12. The system of claim 10, wherein selection of the template is based on a metadata or a semantic context of the one or more documents.

13. The system of claim 12, wherein the one or more processors are further configured to extract metadata of the one or more documents.

14. The system of claim 13, wherein the one or more processors are further configured to instantiate a first agent configured to extract and analyze metadata or the semantic context of the one or more documents.

15. The system of claim 14, wherein the one or more processors are further configured to generate, using the first agent, a prompt for the trained machine learning model.

16. The system of claim 14, wherein the trained machine learning model is executed by a second agent instantiated by the computing system, different from the first agent.

17. The system of claim 10, wherein the one or more processors are further configured to insert one or more internal or external hyperlinks within a document of the one or more documents.

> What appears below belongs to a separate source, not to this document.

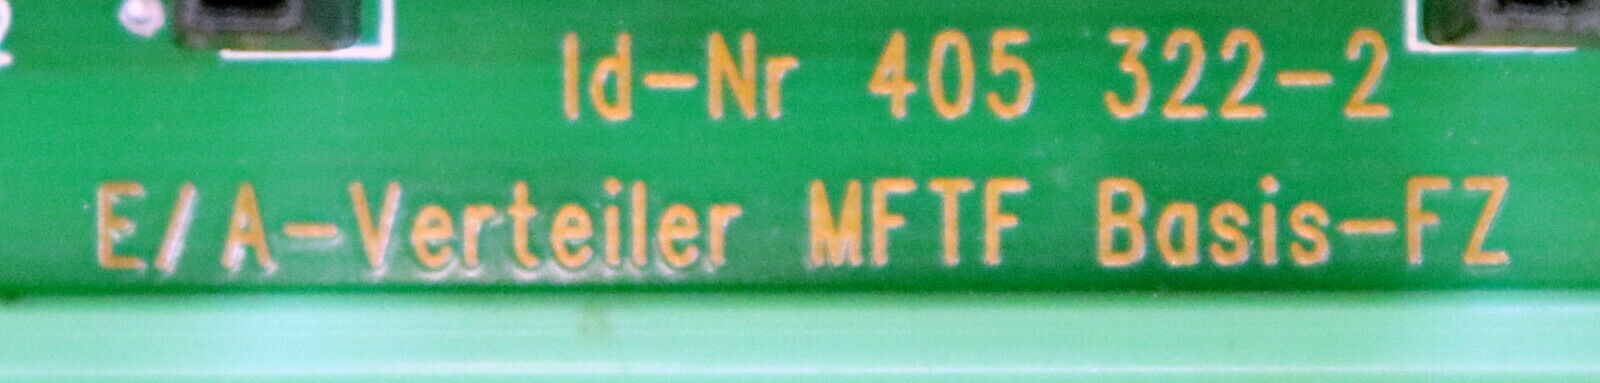 E/A-Verteiler MFTF Basis-FZ No.373-B ID 820 412-2 S/N 9835024 - gebraucht

18. The system of claim 10, wherein the one or more processors are further configured to combine the one or more documents into a consolidated output document.

19. A data processing system for a computer memory, comprising:

means for configuring said memory according to a deployable task pipeline, wherein the deployable task pipeline comprises:

a first execution agent including a data parser to analyze metadata and content of one or more source documents lacking navigational elements and generate a prompt for a trained machine learning model based on the metadata and content;

a second execution agent configured to receive the prompt and content of the one or more source documents and generate one or more navigational elements comprising internal or external hyperlinks using the trained machine learning model; and

a third execution agent configured to combine the generated one or more navigational elements and content of the one or more source documents into a consolidated output document comprising the one or more internal or external hyperlinks.

20. The data processing system of claim 19, wherein the deployable task pipeline further comprises a fourth execution agent configured to receive the generated one or more navigational elements from the second execution agent, apply one or more filters selected based on the metadata, and generate a prompt for a trained machine learning model of the third execution agent to combine the generated one or more navigational elements and content of the one or more source documents.

21. The data processing system of claim 20, wherein the first execution agent is configured to generate the prompt for a first trained machine learning model; and wherein the fourth execution agent is configured to generate the prompt for a second trained machine learning model, different from the first trained machine learning model.

22. The data processing system of claim 19, wherein the means for configuring said memory further comprises means for selecting the first execution agent, second execution agent, and third execution agent from a plurality of execution agents based on the one or more source documents.